Published in final edited form as: Biochemistry. 2018 Apr 19;57(18):2694–2703. doi: 10.1021/acs.biochem.8b00262

Figure 5.

Figure 5

Structure of WT thrombin (PDB 1PPB) highlighting residues 156-181CT (residues 197-222; green), residues 208-215CT (residues 256-263; red), and residues 216-228CT (residues 264-276; brown). The sidechains of Trp215CT (blue), Phe227CT (cyan), and the catalytic triad (black) are shown as sticks. A) Uptake plots corresponding to residues 156-180CT (residues 197-221; MH+ 2896.550), 161-170CT (residues 202-211; MH+ 1155.619), and 161-181CT (residues 202-222; MH+ 2490.296). B) Uptake plots corresponding to residues 208-227CT (residues 256-275; MH+ 2152.943, MH+ 2191.954, and MH+ 2267.985 for W215A, F227A, and WT respectively), residues 212-227CT (residues 260-275; MH+ 1673.760, MH+ 1715.806, and MH+ 1788.801 for W215A, W215I, and WT respectively), and residues 212-228CT (residues 260-276; MH+ 1903.864 for F227V).
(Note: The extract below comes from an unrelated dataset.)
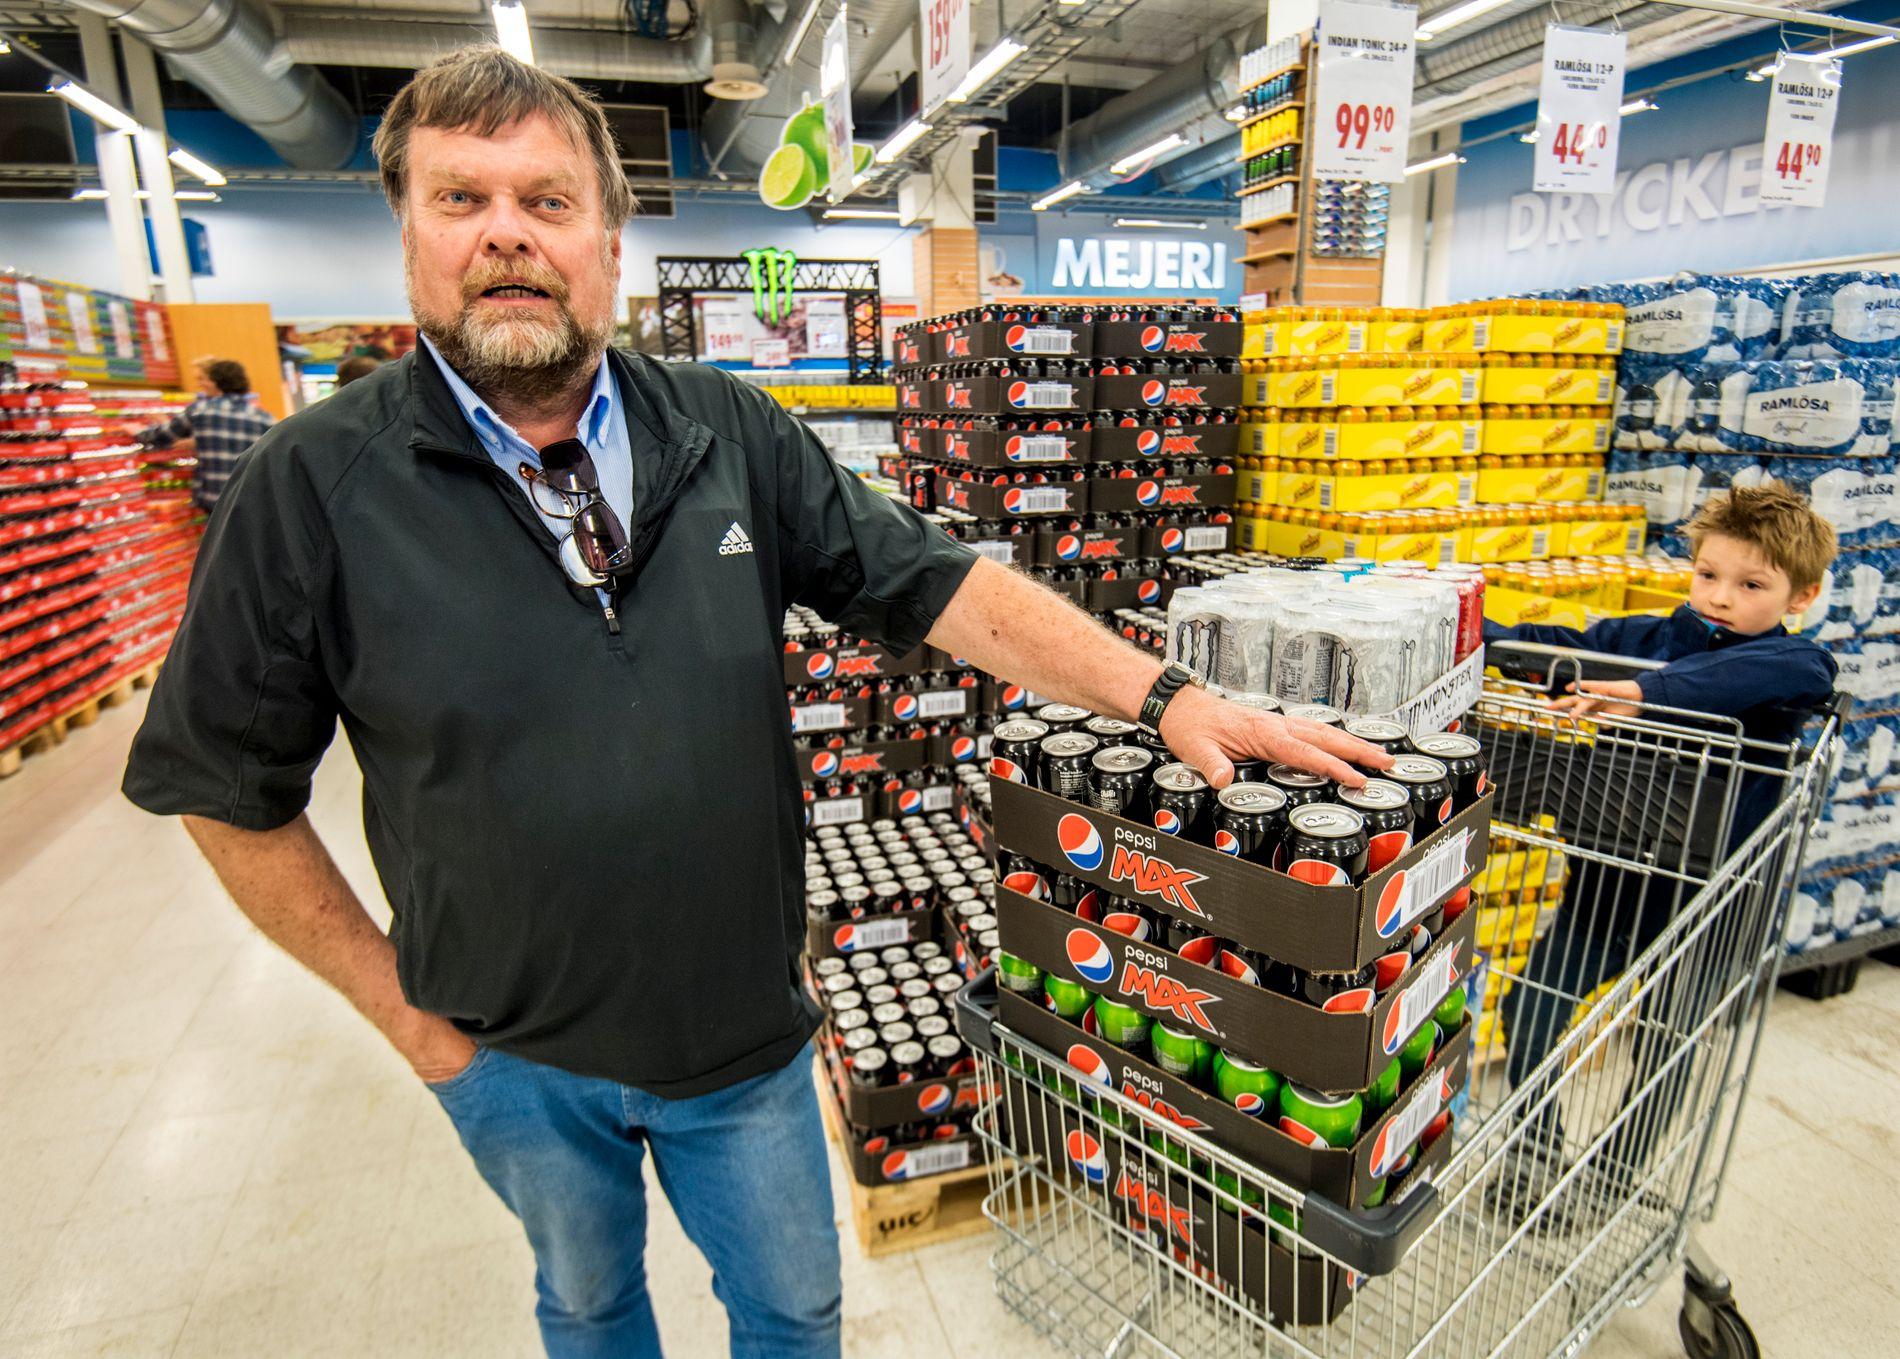 BRUSGLEDE: Jan Erik Tvedt (66) pensjonist fra Arendal har med seg barnebarnet Martin på handletur til Nordby Supermarket.

The mutant residue, if present, is underlined in the peptide sequence shown. C) Uptake plots corresponding to residues 208-214CT (residues 256-262; MH+ 797.386) and 208-215CT (residues 256-263; MH+ 983.466). Deuterium incorporation over 5 min into the multiple peptides that cover these regions are shown for WT thrombin (grey) as well as the F227A (orange), F227V (red), W215A (cyan), and W215I (purple) mutants under experimental conditions of 100 mM NaCl.